Out of school he went to work for Bose's Automotive division modeling audio in cars, and then into the headphone division where he worked on noise canceling technologies. He also had a hand in the AE2 design.

Early in 2010, Skullcandy recruited him to lead its effort to improve the audio design and quality of its headphones. Yet another piece of hard evidence that Skullcandy intends to become a strong and well-founded maker of headphones.

The Hesh 2.0
The Skullcandy Hesh ($50) has been around for some time. The Hesh 2.0 ($59-$69 MSRP, likely available in April at Target and Best Buy) is a complete revision, and is Tet's first full effort at Skullcandy. This headphone is a medium-low cost circumaural, sealed headphone; designed for a big-bass sound; and no doubt a potentially very popular headphone among the action sports crowd looking to upgrade from junker headphones.

I put the Hesh 2.0s through the measurements routine with Tet looking on, and we spent a good bit of time discussing how to get a good fit and seal on the head. Over the last year I've developed some techniques for getting the job done, and I was heartened to hear that Tet uses some of the very same methods in his testing. (Sorry, I've got some competing publications measuring headphones, so I'm not going to detail these techniques.)

The Hesh 2.0 measured fairly flat to 1kHz with, what I consider, an appropriate roll-off to 4kHz, and then a reduction in overall treble energy about 5-10dB reduced beyond what I would consider flat.

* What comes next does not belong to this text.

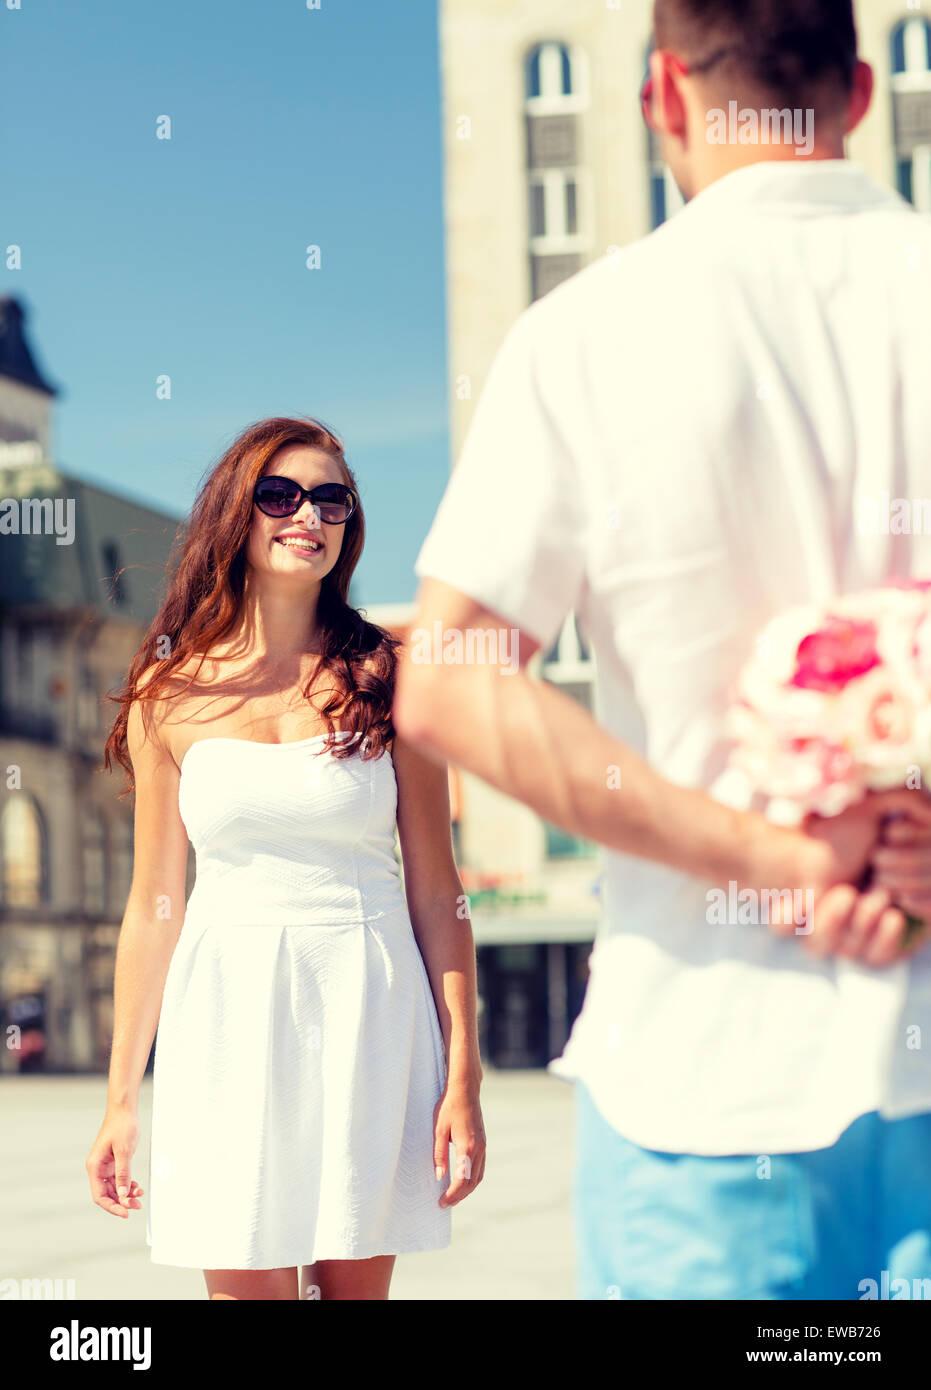 Coppia sorridente in città Immagini Stock

Subsequent to our visit, I spent a good bit of time listening to these headphones, and comparing them to the Sony MDR-XB500 and Audio-Technica ATH-WS55. I felt the Hesh and WS55 easily bested the XB500, which sounded woolly and bloated in comparison. The WS55 emphasized the bass and the mid/upper treble a bit more, but the Hesh seemed more even and coherent. I think the choice of having good bass extention; keeping the bass properly related to the mids; and then rolling off the highs to get rid of crappy harshness from compressed files, and give the impression of big bass, is the way to go for this type of can. (Overwhelming bass is overwhelming.) I think the Hesh 2.0 is going to be the go-to recommendation for the hoodie wearing, bass-heads out there.

General Headphone Talk
Tet gave me some super help interpreting headphone measurement data (and we'll get to that on the next page), but we spent quite a bit of time just talking about headphones in general. Well ... that's not quite right, we talked about a wide variety of very particular aspects of headphones. Because I'm free to opine, and he's constrained by the nature of his job, I'll quickly rattle through a few of the topics we covered and what my take was:

  • Headphone mini-plugs - Should be slender and have enough "neck" on them to reach into the jack while the player has a protective cover on it. Plugs should not be straight as it tends to stress the jack more; and I believe plugs should not be 90-degree angles, as it tends to snag on things more easily. I like a 45-degree angle plug. I showed him the plugs on the V-Moda M-80 as an example of a great plug.
  • Freedom of spin in "lay flat" headphones - If the headphones are laying flat with cushions down on a table in front of you, you should be able to pick the headphones up and spin the earpieces towards your ears and slightly beyond. But there should be a limit in how far they can spin so as to provide a little more pressure of the pads behind the ears than in front of the ears.
  • Headphone cables should have plugs at both ends - Headphone cables should attach to the earpiece with a straight 3.5mm mini-plug, and without any weird mechanical attachments. This will allow the manufacturer to make one cable that fits all of its headphones, and alternate cables to turn the headphones into headsets for iPhones, Androids, and other phones easily. Even if a manufacturer doesn't provide those options, having a standard connector will allow the user to buy aftermarket cable to suit the customer's style of use.
  • Tangle-free cables - It's a hot topic among headphone makers at the moment, and I showed Tet the cable on the Philips Citiscape Downtown. It's a flat cable you can wad to your heart's content, and when you let it go, nine times out of ten it just "sproings" open completely tangle free. Then I showed him a prototype I got from a company with a flat, woven-cover cable the is almost impossible to handle without tangling.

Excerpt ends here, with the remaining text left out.